Turns out that GEs profitability was achieved in the ways which could not be sustained long term: endless acquisitions, layoffs, restructurings, offshoring, stock buybacks, financialization and creative accounting - making earnings reports look good and maximizing shareholder value in a way which would make Milton Friedman proud, while destroying the company from within. Gelles also tells stories of companies lured into hiring top-managers from GE in the hope that these managers will help them to drive their earnings up in the same way that Welch did to GE. Unsurprisingly results were much less rosy than expectations.
Sobering read - especially if you look around and notice that Welchism is alive and well today, being applied in companies big and small.

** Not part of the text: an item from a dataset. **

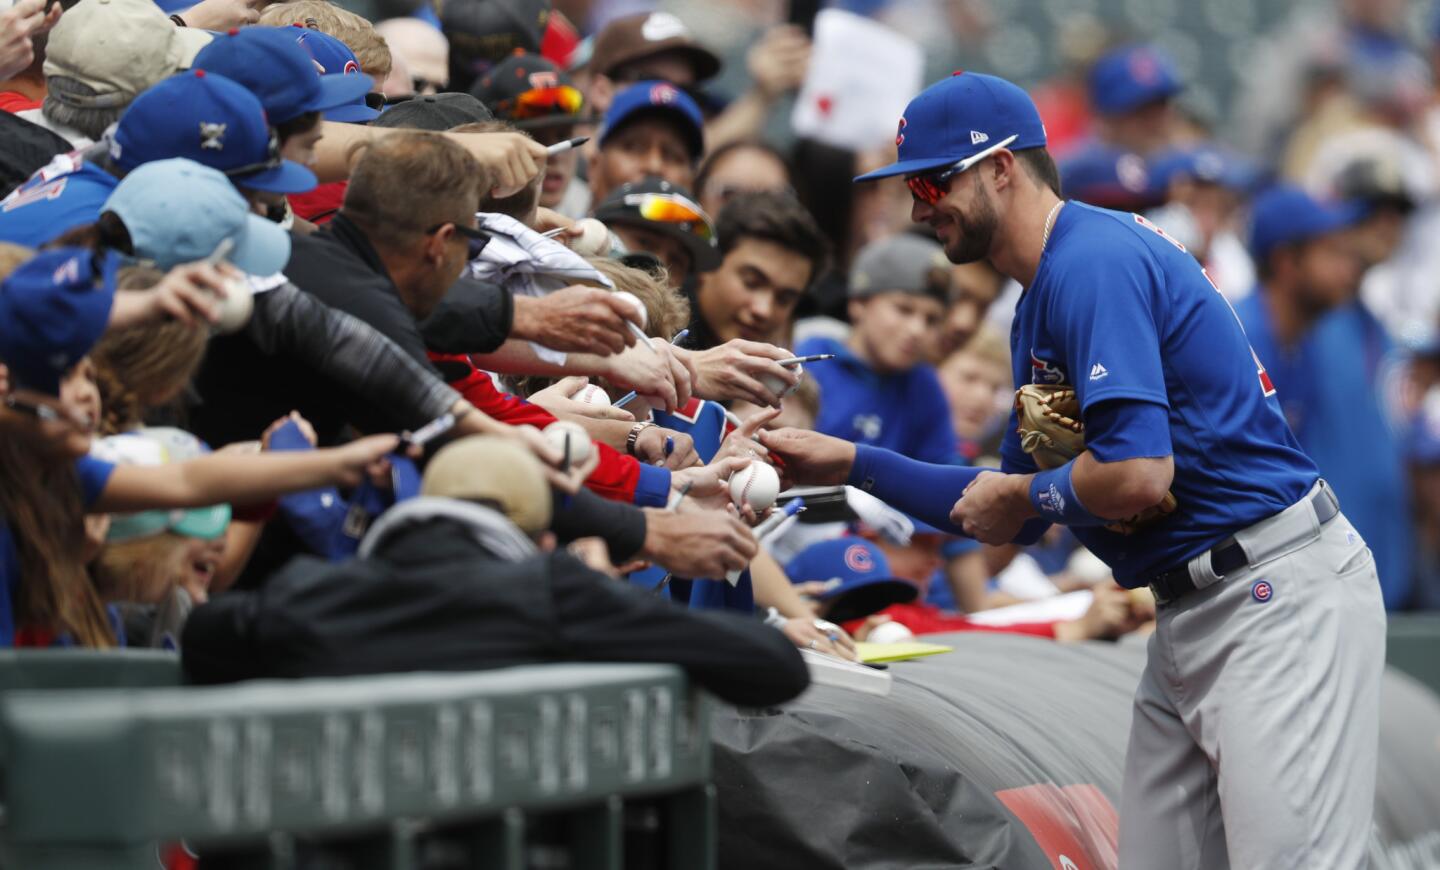 ubs third baseman Kris Bryant pauses to sign autographs for fans before facing the Rockies on Tuesday, May 9, 2017, in Denver.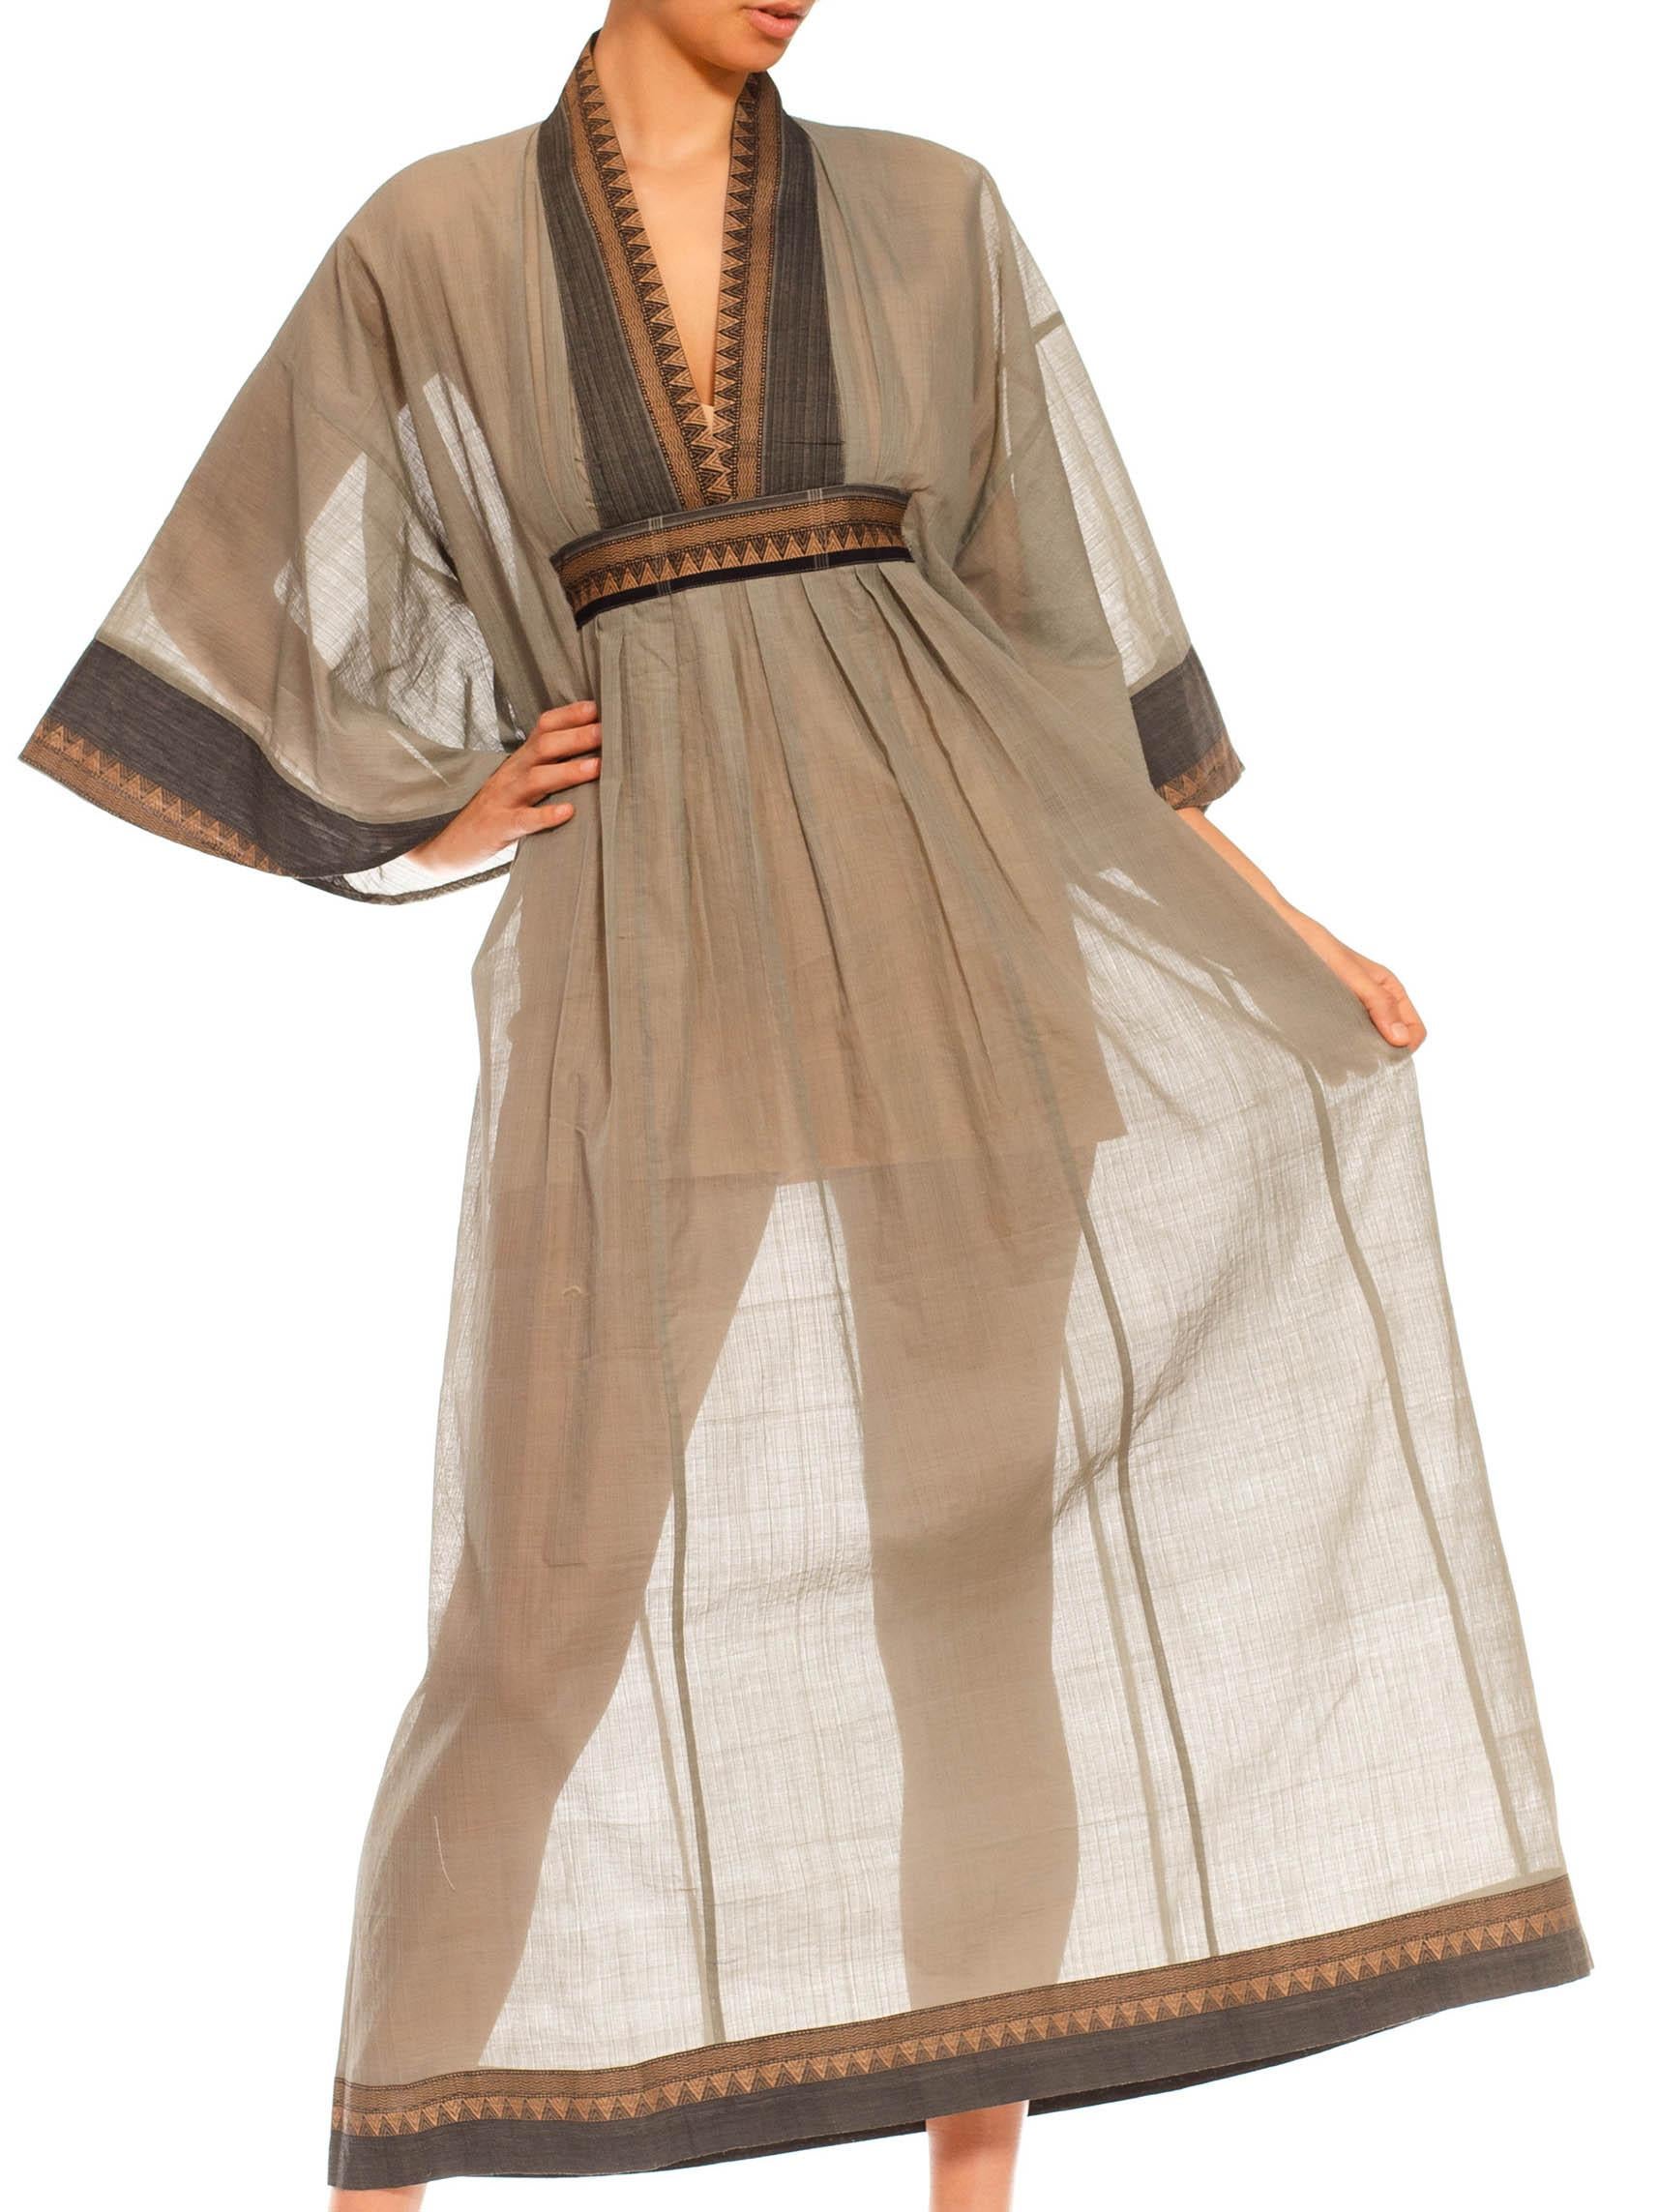 MORPHEW COLLECTION Sageoyster Grey & Black Cotton Jacquard Kaftan Made From Vin For Sale 5

If Welch was going to make GE the most valuable company on earth, he knew he would have to do it with GE Capital. From the moment he first worked with the finance division in the late 1970s, he understood a simple but powerful truth: it was easier to make money by shifting around ones and zeros than by manufacturing refrigerators. “Since I had been involved in making things all my life, pounding and grinding it out to make nickel, I couldn’t believe how easy this appeared to be,” he recalled of his first exposure to the world of investment banking, leveraged buyouts, and loan financing. “I was sure the opportunity was enormous. All we had to do was take the business from the back of the boat to the front.” In a memo to the company’s chief financial officer, Welch wrote that finance, not manufacturing, represented the future of the company. “There is no place that quantum change is needed more than in Finance”, he wrote. “Finance is not an institution - it has to be … the driving force behind making General Electric ‘the most competitive enterprise on earth’”.
Well, I threw up a bit in my mouth just retyping this from the book.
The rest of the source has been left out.